Start of Input data

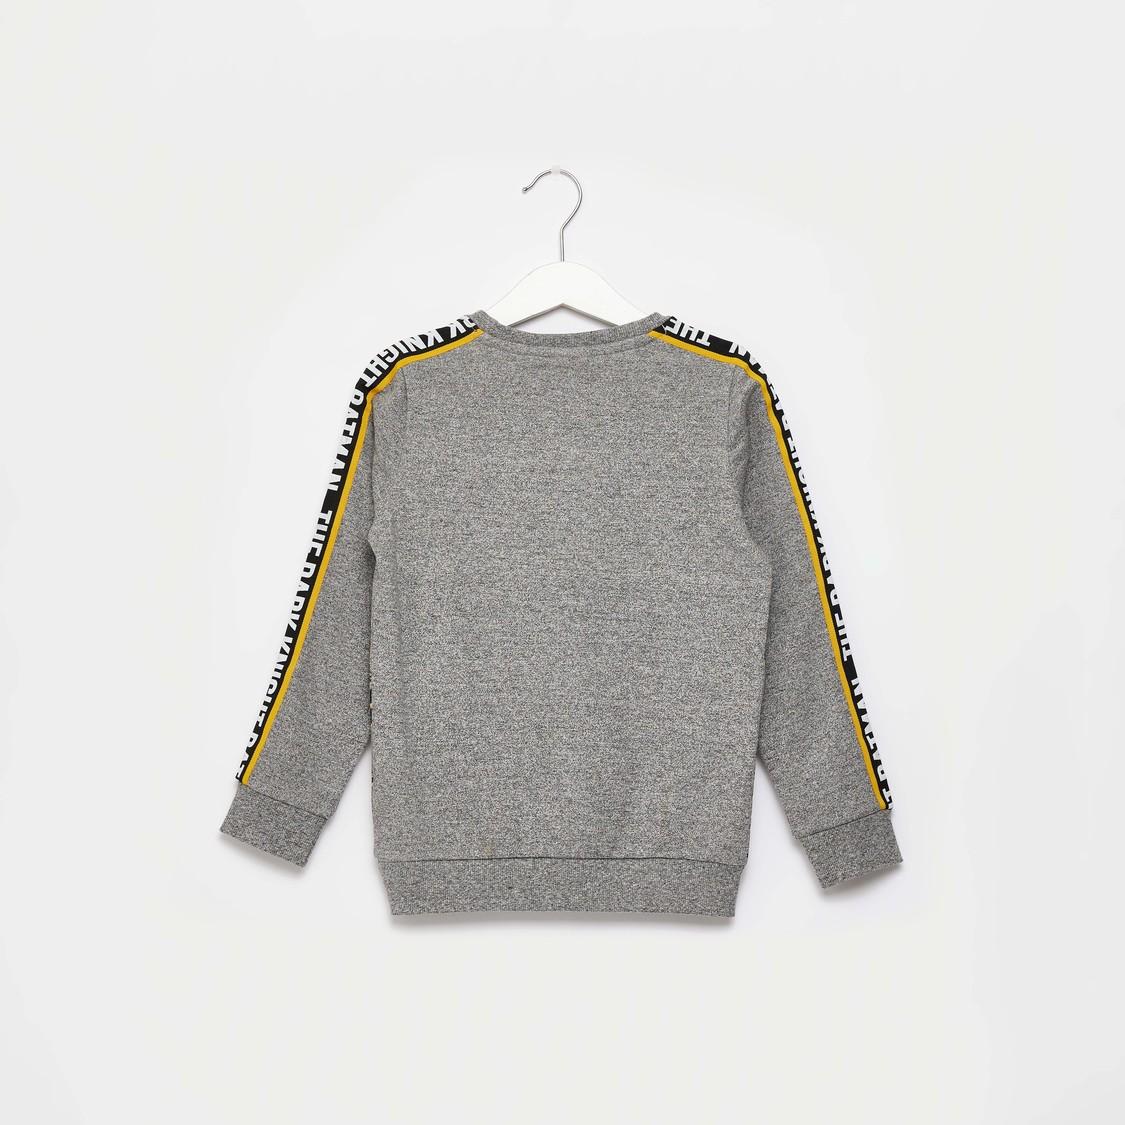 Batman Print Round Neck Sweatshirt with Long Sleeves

End of Input data
Start of Input data

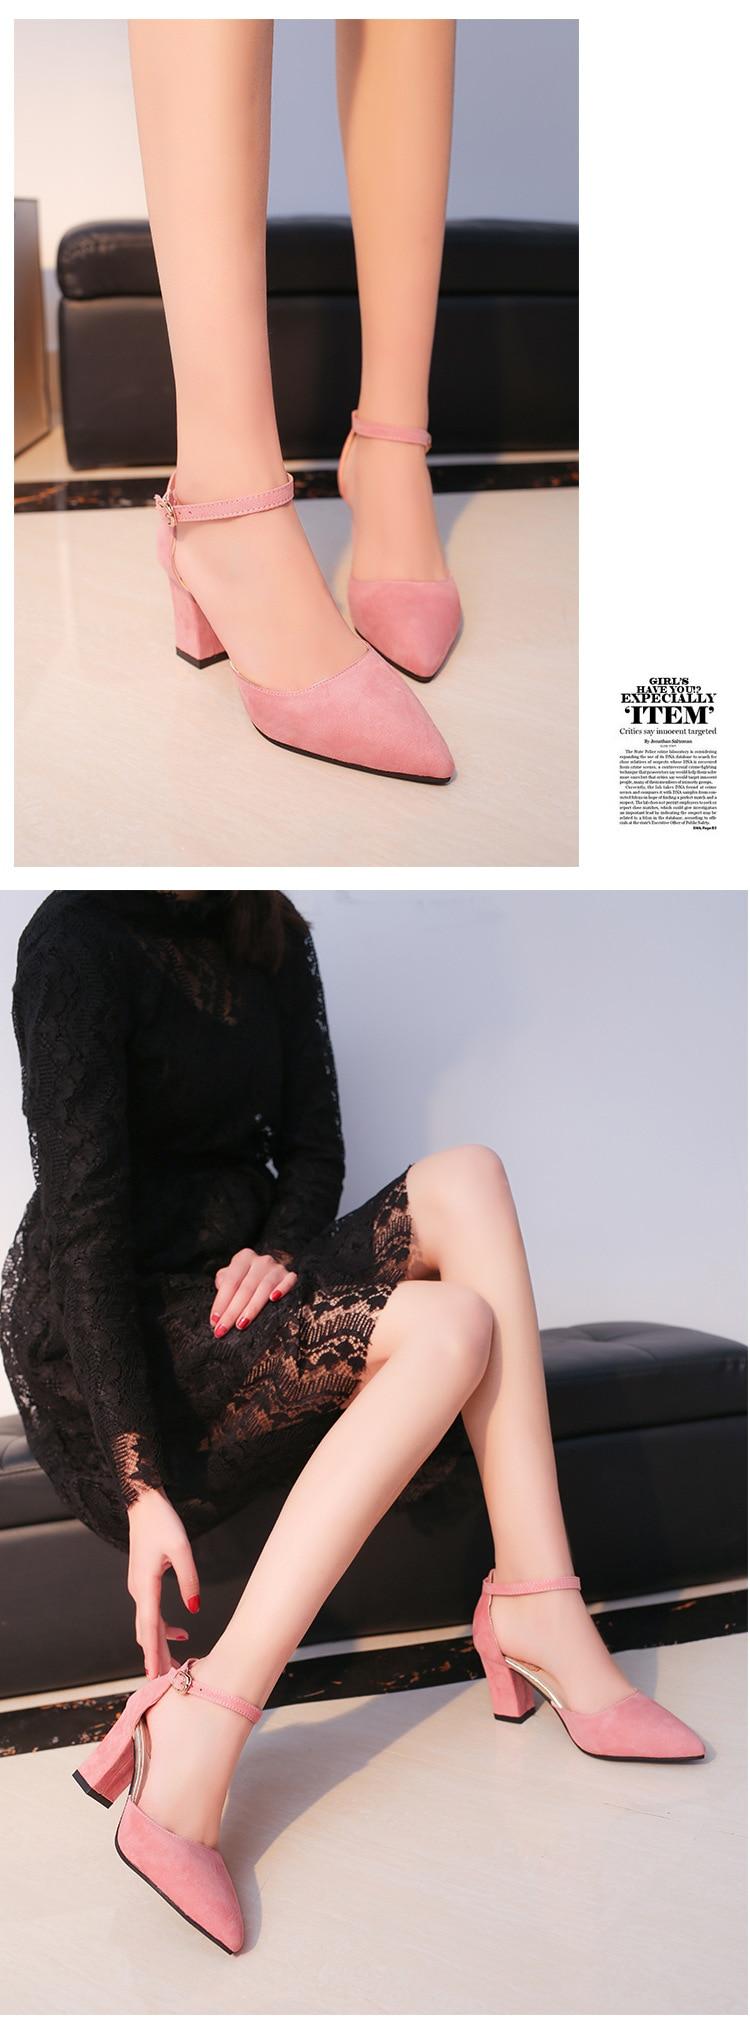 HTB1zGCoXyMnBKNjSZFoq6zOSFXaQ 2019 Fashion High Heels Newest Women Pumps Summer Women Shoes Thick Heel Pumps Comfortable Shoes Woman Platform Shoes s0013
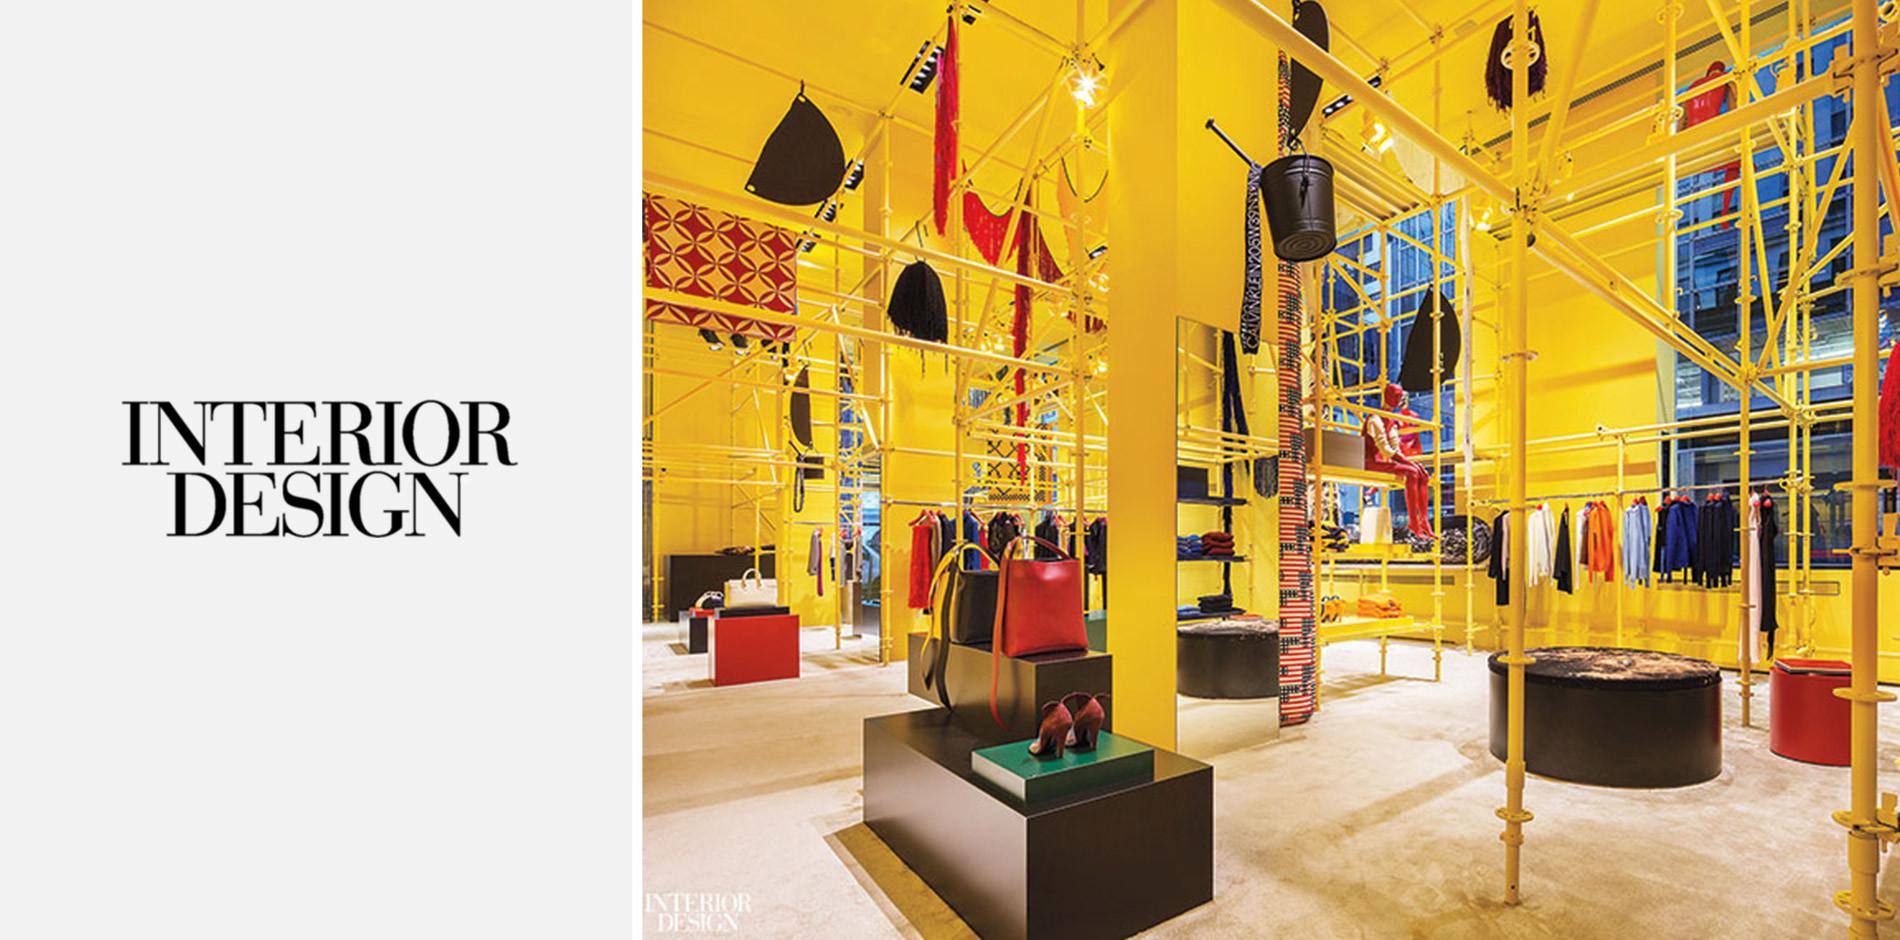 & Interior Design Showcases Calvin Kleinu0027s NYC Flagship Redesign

End of Input data

Work task = Word for word, write out the lines above running from the one with "HTB1zGCoXyMnBKNjSZFoq6zOSFXaQ 2019 Fashion" up to and including the one with "NYC Flagship Redesign". Drop any picture.

Exercise output =
 HTB1zGCoXyMnBKNjSZFoq6zOSFXaQ 2019 Fashion High Heels Newest Women Pumps Summer Women Shoes Thick Heel Pumps Comfortable Shoes Woman Platform Shoes s0013
 & Interior Design Showcases Calvin Kleinu0027s NYC Flagship Redesign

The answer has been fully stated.